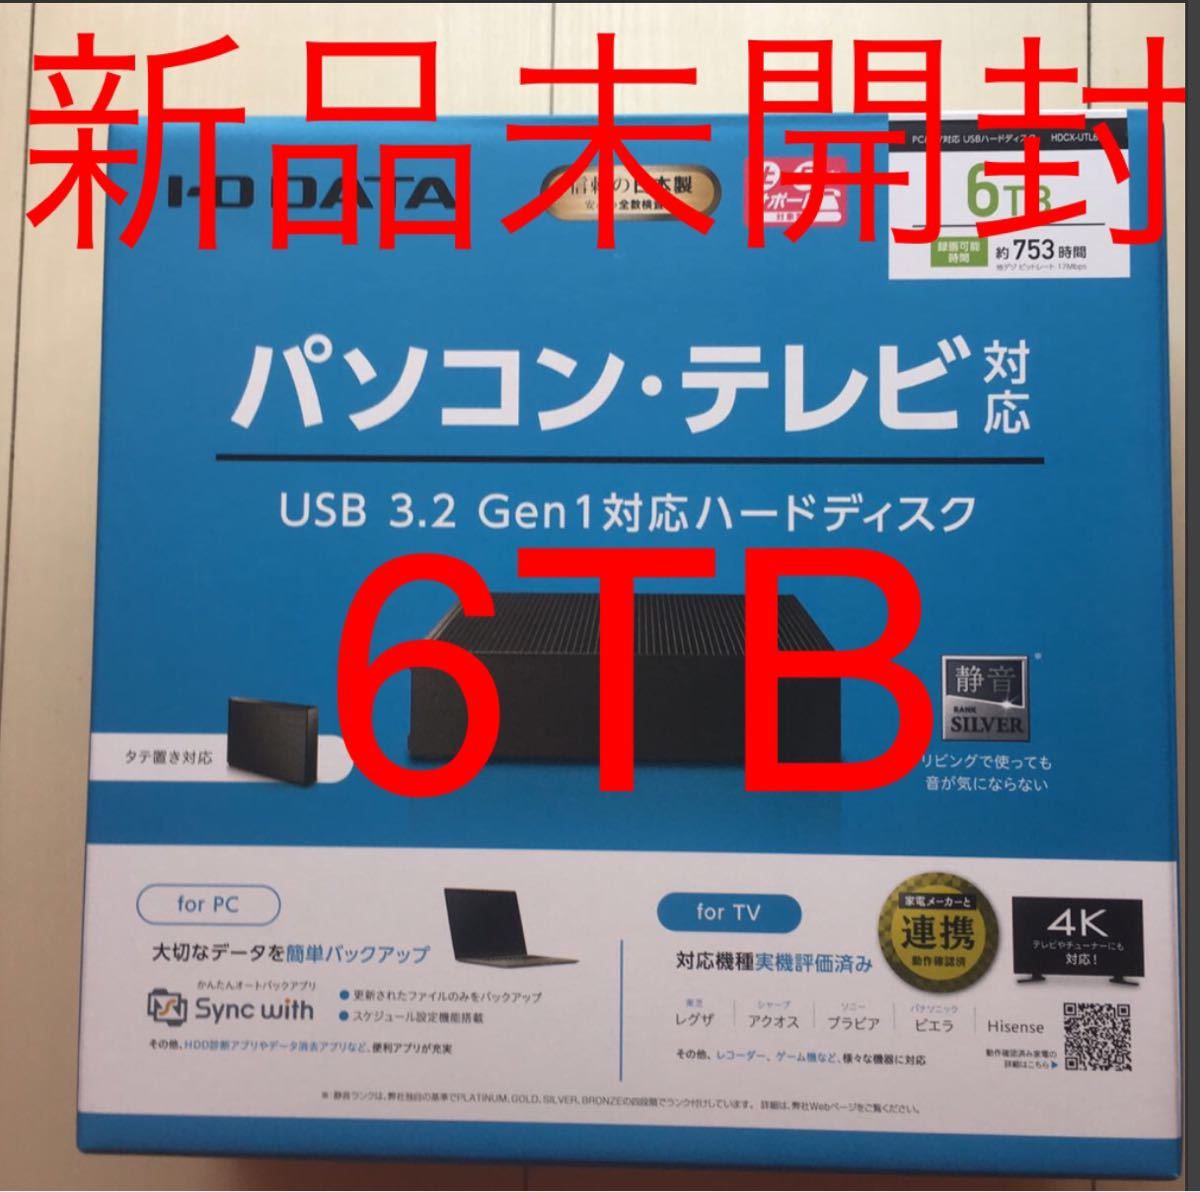 I-O DATA 外付けハードディスクHDCX-UTL6K
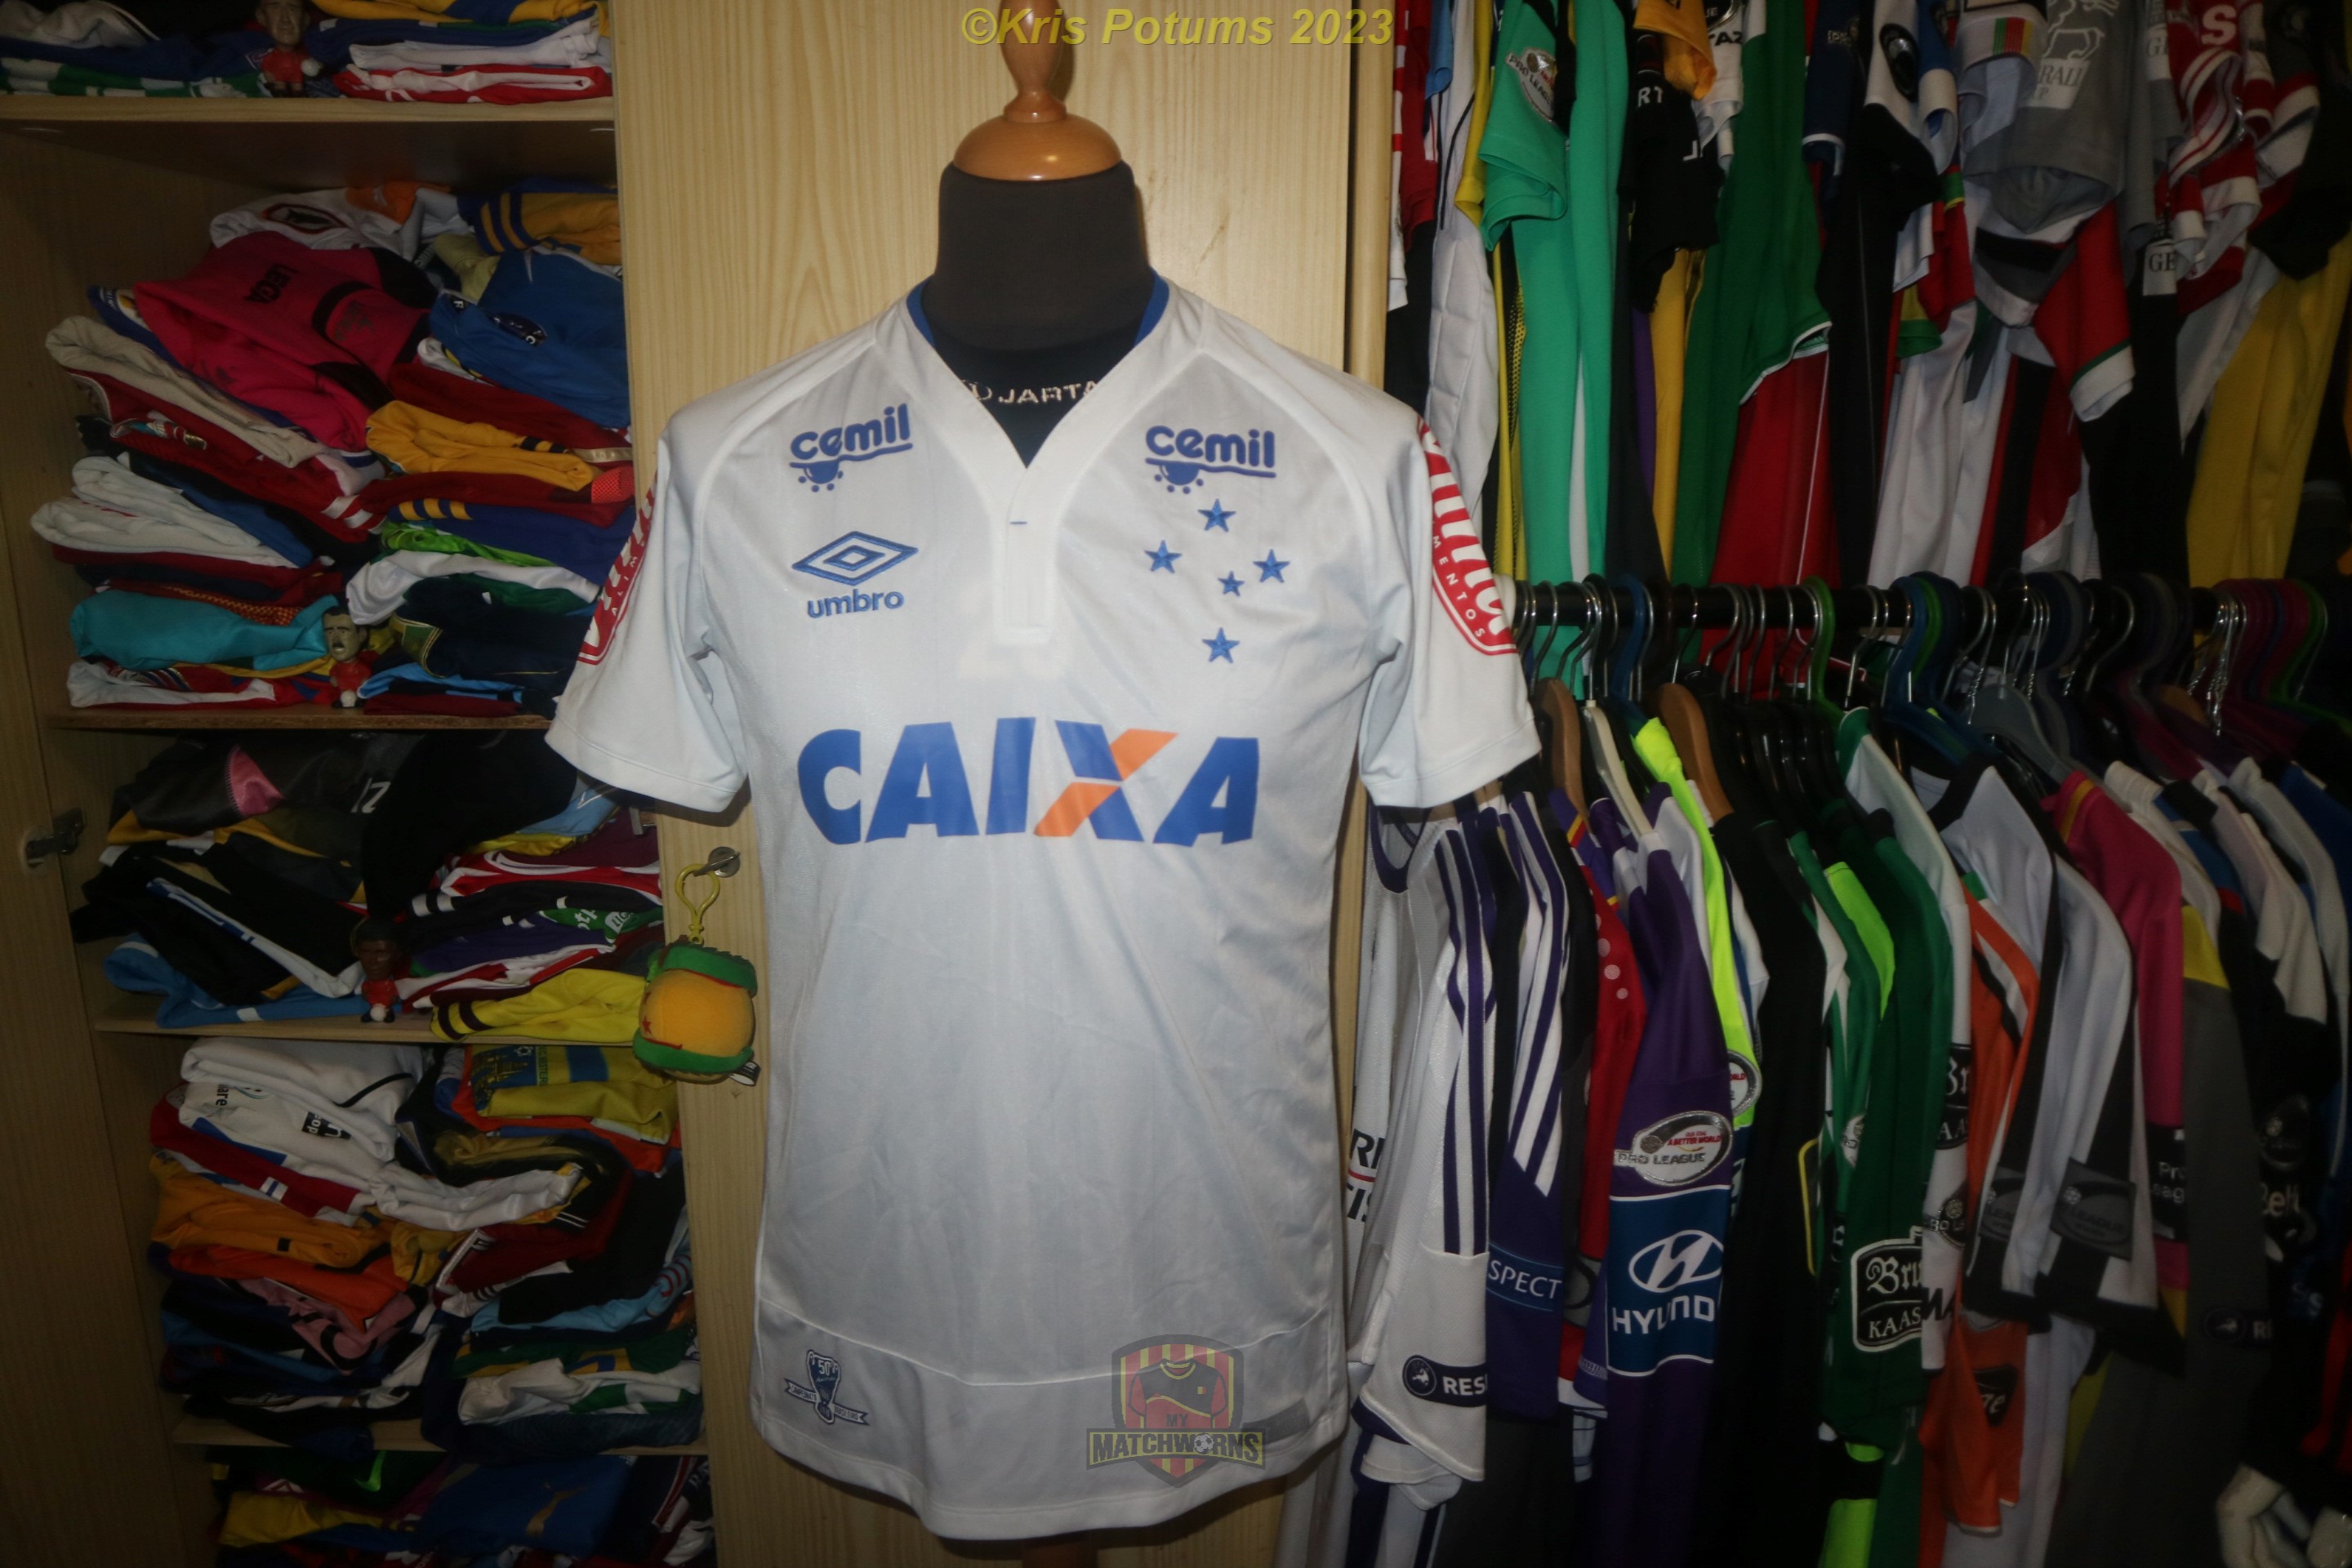 Cruzeiro
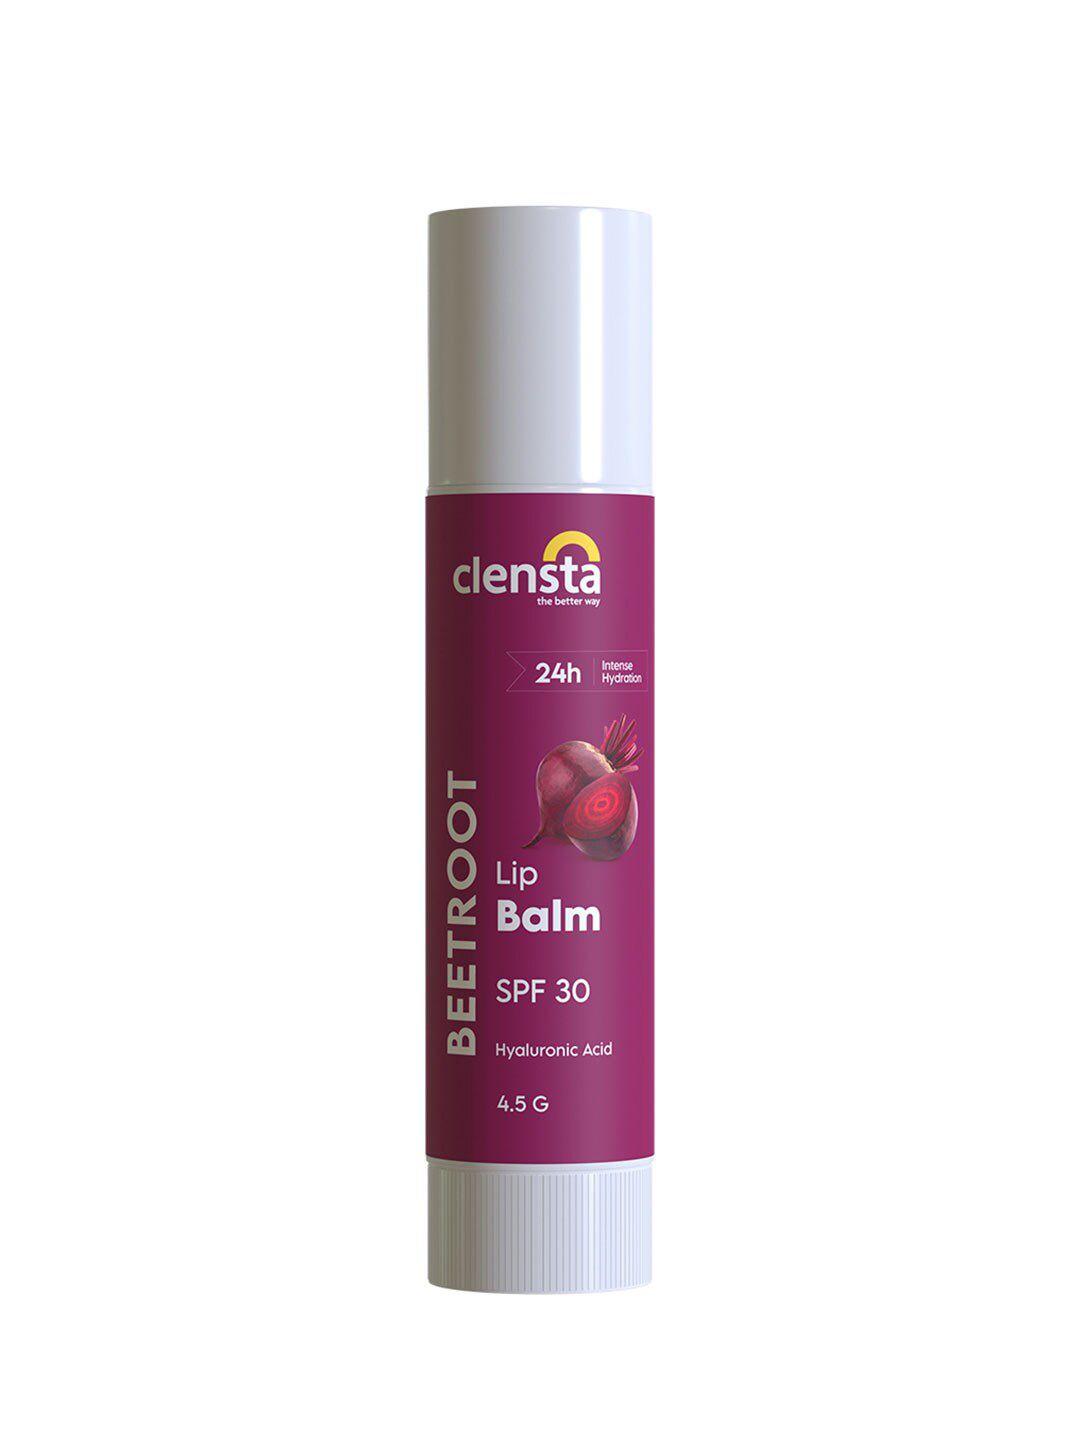 clensta beetroot lip balm with spf 30 - 5g
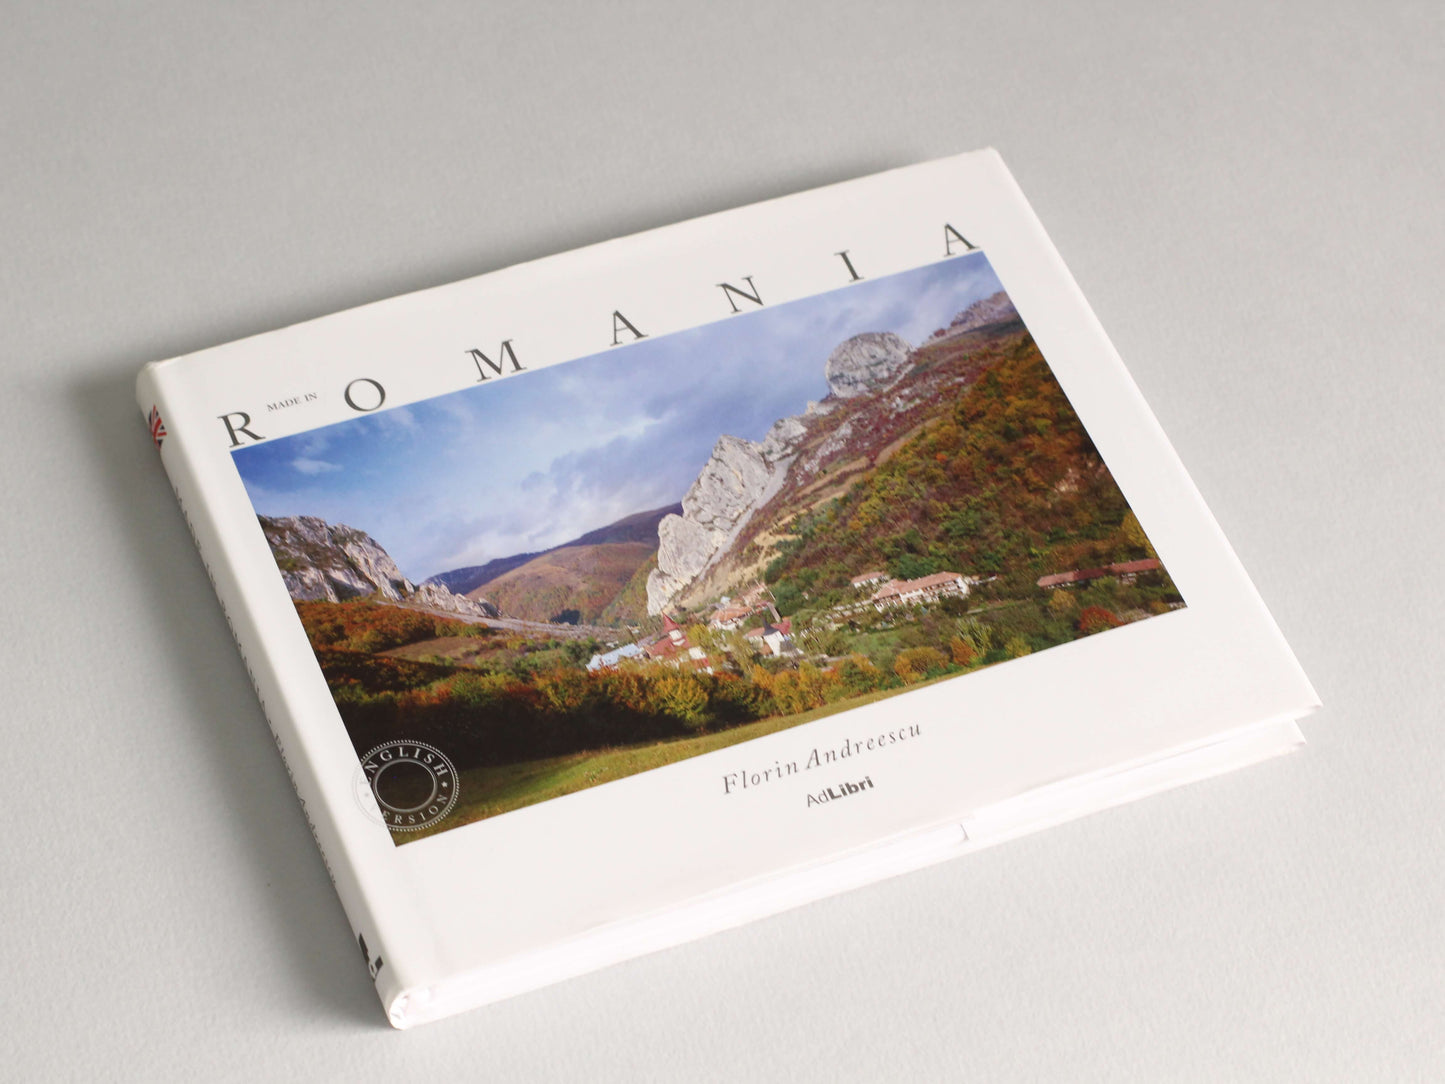 Album foto Made in Romania - Florin Andreescu
============================================================
= Action item =
Repeat the material above word for word but skip the images.

= Written answer =
 I-O DATA 外付けハードディスクHDCX-UTL6K
 Cruzeiro
 clensta beetroot lip balm with spf 30 - 5g
 Album foto Made in Romania - Florin Andreescu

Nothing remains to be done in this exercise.